= Angel Exhaust =

British poetry magazine

Angel Exhaust 16

Angel Exhaust is a British poetry magazine founded by Steve Pereira and Adrian Clarke in the late 1970s. Andrew Duncan took over as editor in 1992, and by 1993 it was one of the first poetry magazines to appear regularly on the internet. The magazine is headquartered in Nottingham. It was described as an "important journal" by Simon Perril in The Cambridge Companion to British Poetry, 1945-2010 (2016).

==History==
Angel Exhaust was started in 1979. The magazine emerged from the Islington Poetry Workshop run by Steve Pereira, and the first two issues were run off on office photocopiers. The initial editors were Pereira and Adrian Clarke. By issue three the magazine had an Arts Council grant and was printed at the Poetry Society. These early issues had featured work by Bob Cobbing and Maggie O'Sullivan.
The fourth issue gained attention and established the magazine's reputation. It was duplicated on Bob Cobbing's duplicator and contained so many pages that it needed to be nailed together. During the initial phase the magazine was based in London and Cambridge.

The contributor list ranged across the spectrum of poets writing in Britain in the late 1970s / early 1980s and included: Roy Fuller, Chris Torrance, Allen Fisher, Andrew Crozier, Peter Finch, and Roy Fisher. There were interviews with Bob Cobbing and Eric Mottram, and a range of reviews in which the contributors themselves were criticised. The impression was of a snapshot of poetic activity in Britain at that time.
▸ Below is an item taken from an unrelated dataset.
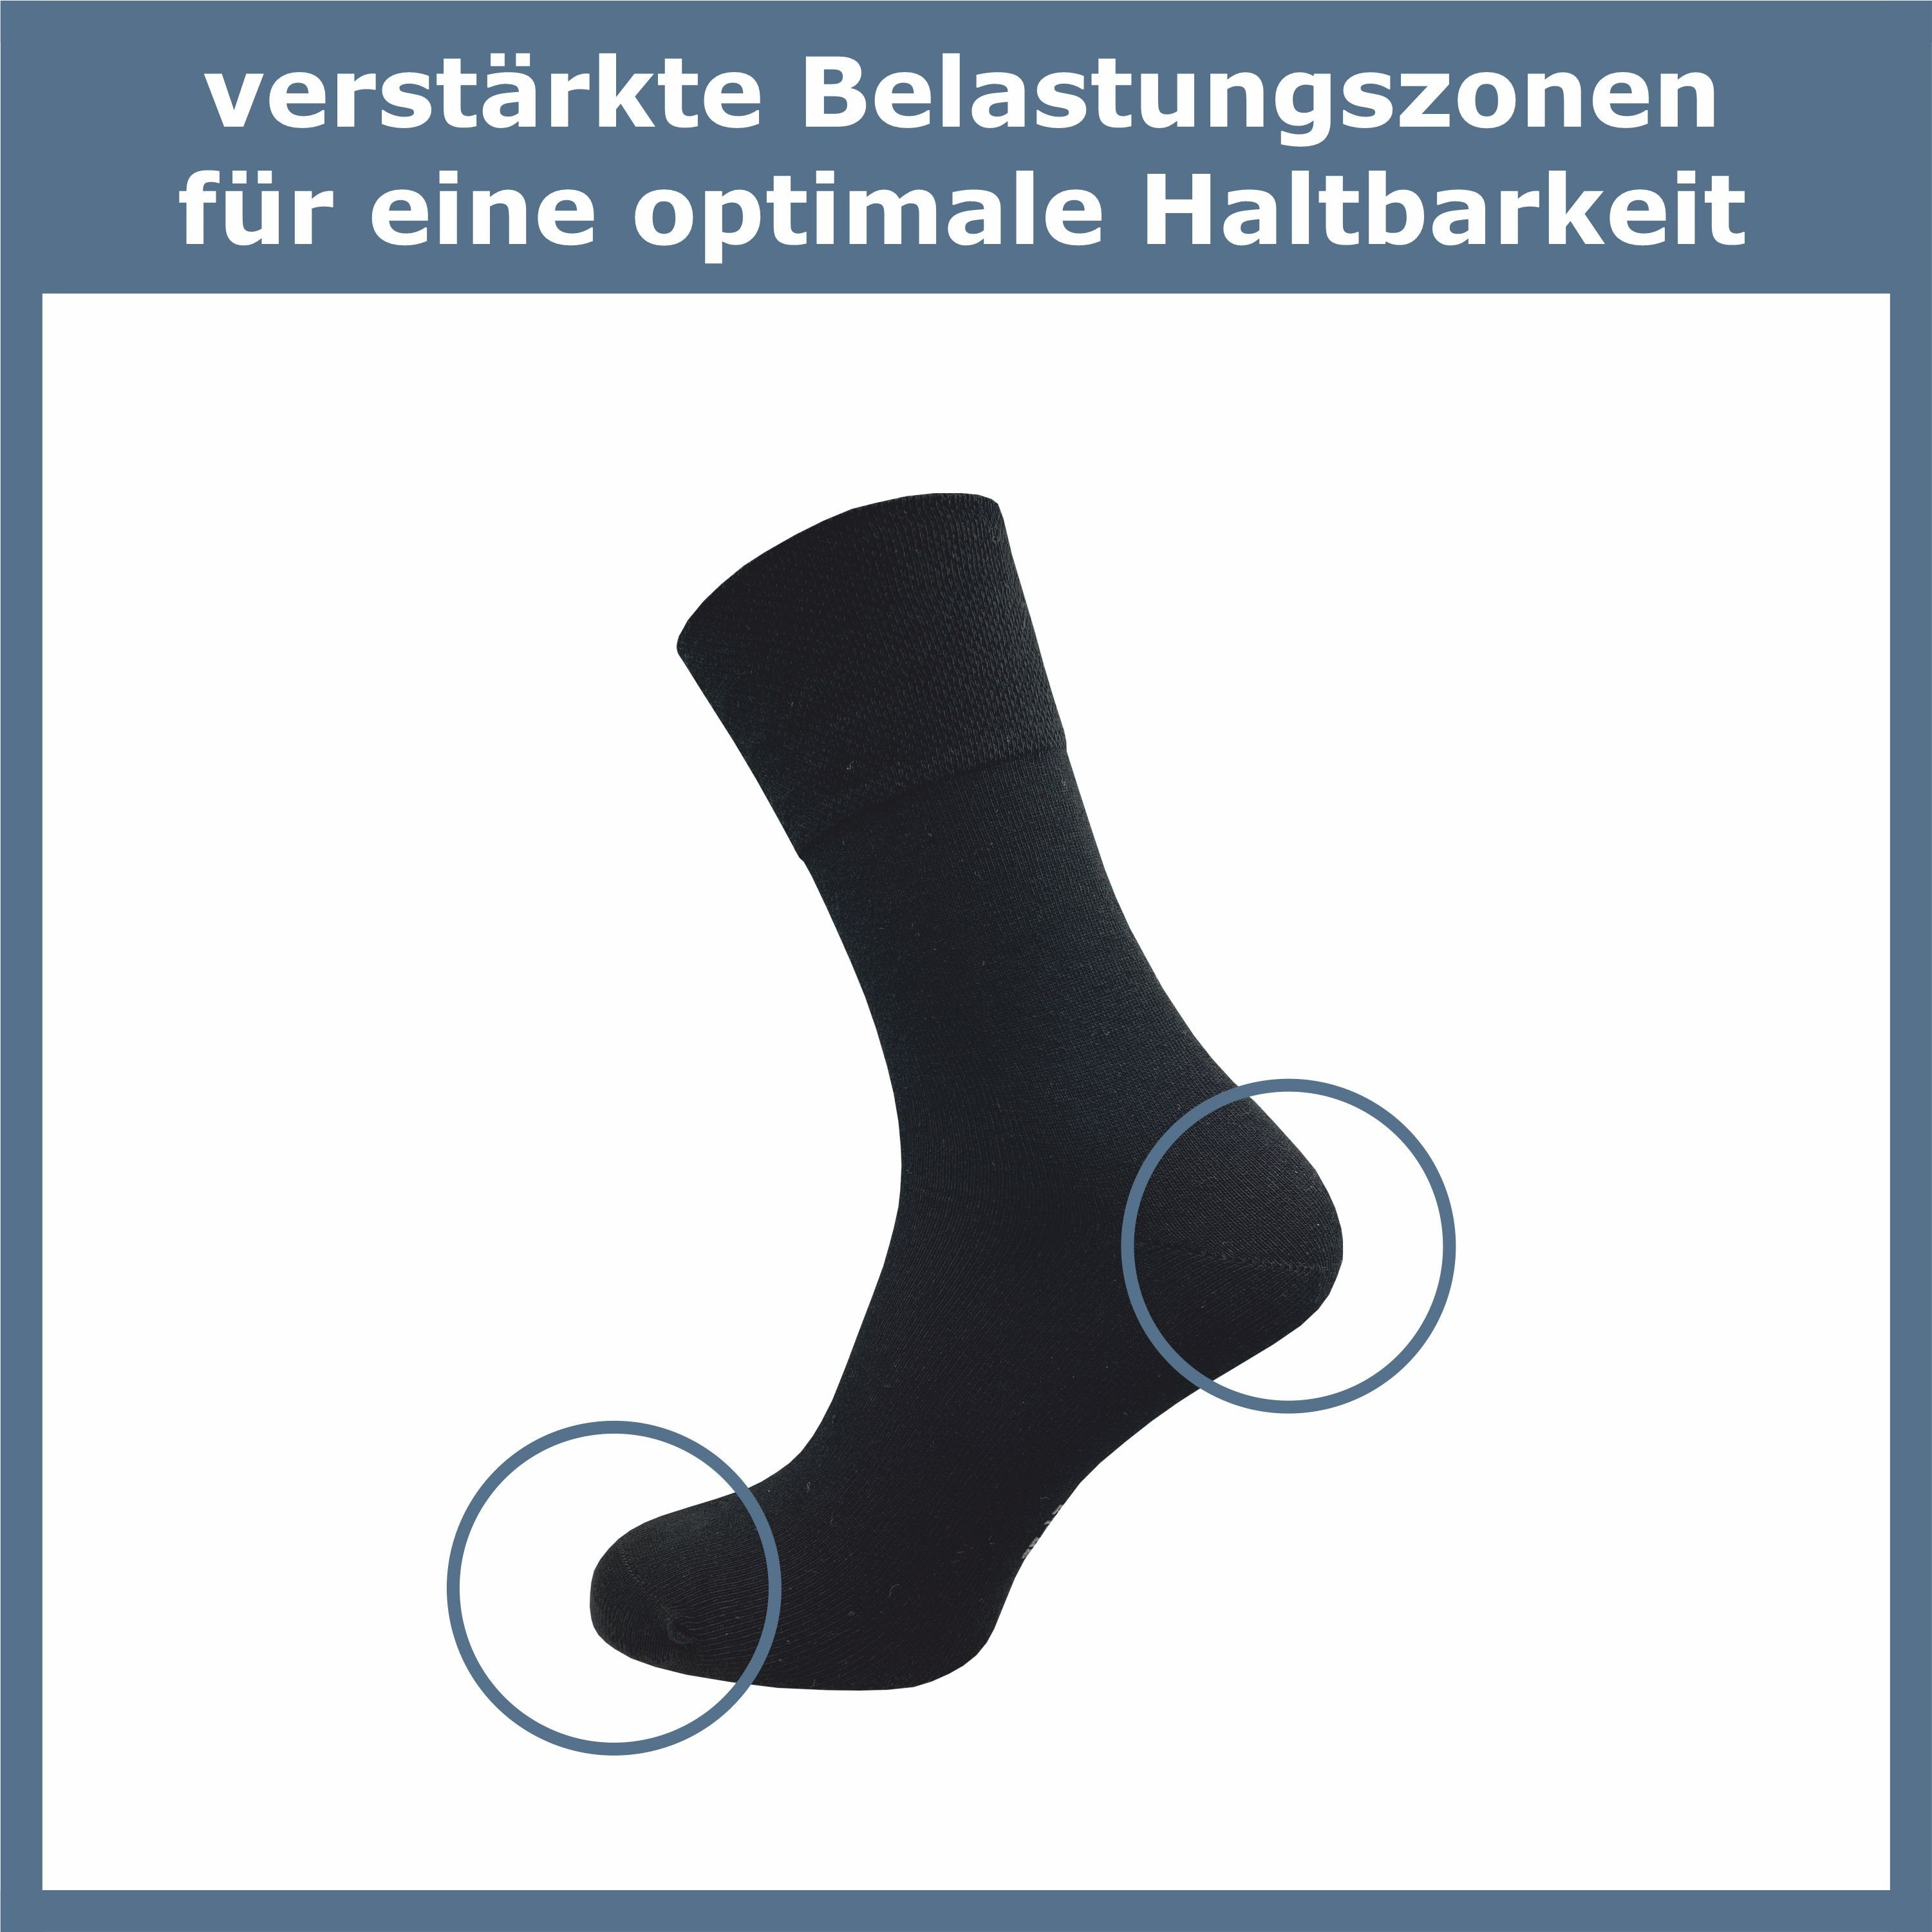 Komfortbund; grau drückende (6 Socke & Diabetikersocken weitere & Business - Naht GAWILO Piquet-Strick für breiter ohne Paar) extra ohne Gummidruck in am schwarz, Damen,

There was a break after the fourth issue. The magazine returned in 1986 with issue six - the "Authority" issue, with contributions and interviews with Eric Mottram, Kathy Acker, Allen Fisher and Roy Fuller. Issue five never appeared.

After another break the magazine returned with Andrew Duncan and Adrian Clarke as editors in 1992.

==Editors==
The various editors of Angel Exhaust have been: Steven Pereira; Adrian Clarke; Robert Sheppard; Andrew Duncan; Scott Thurston; Helen Macdonald; Michael Gardiner; Simon Smith; John Goodby; Maurice Scully.

==Internet appearance==
Though starting out as a print magazine, Angel Exhaust later also became influential through the online version, and was one of the first poetry magazines to appear online in 1993.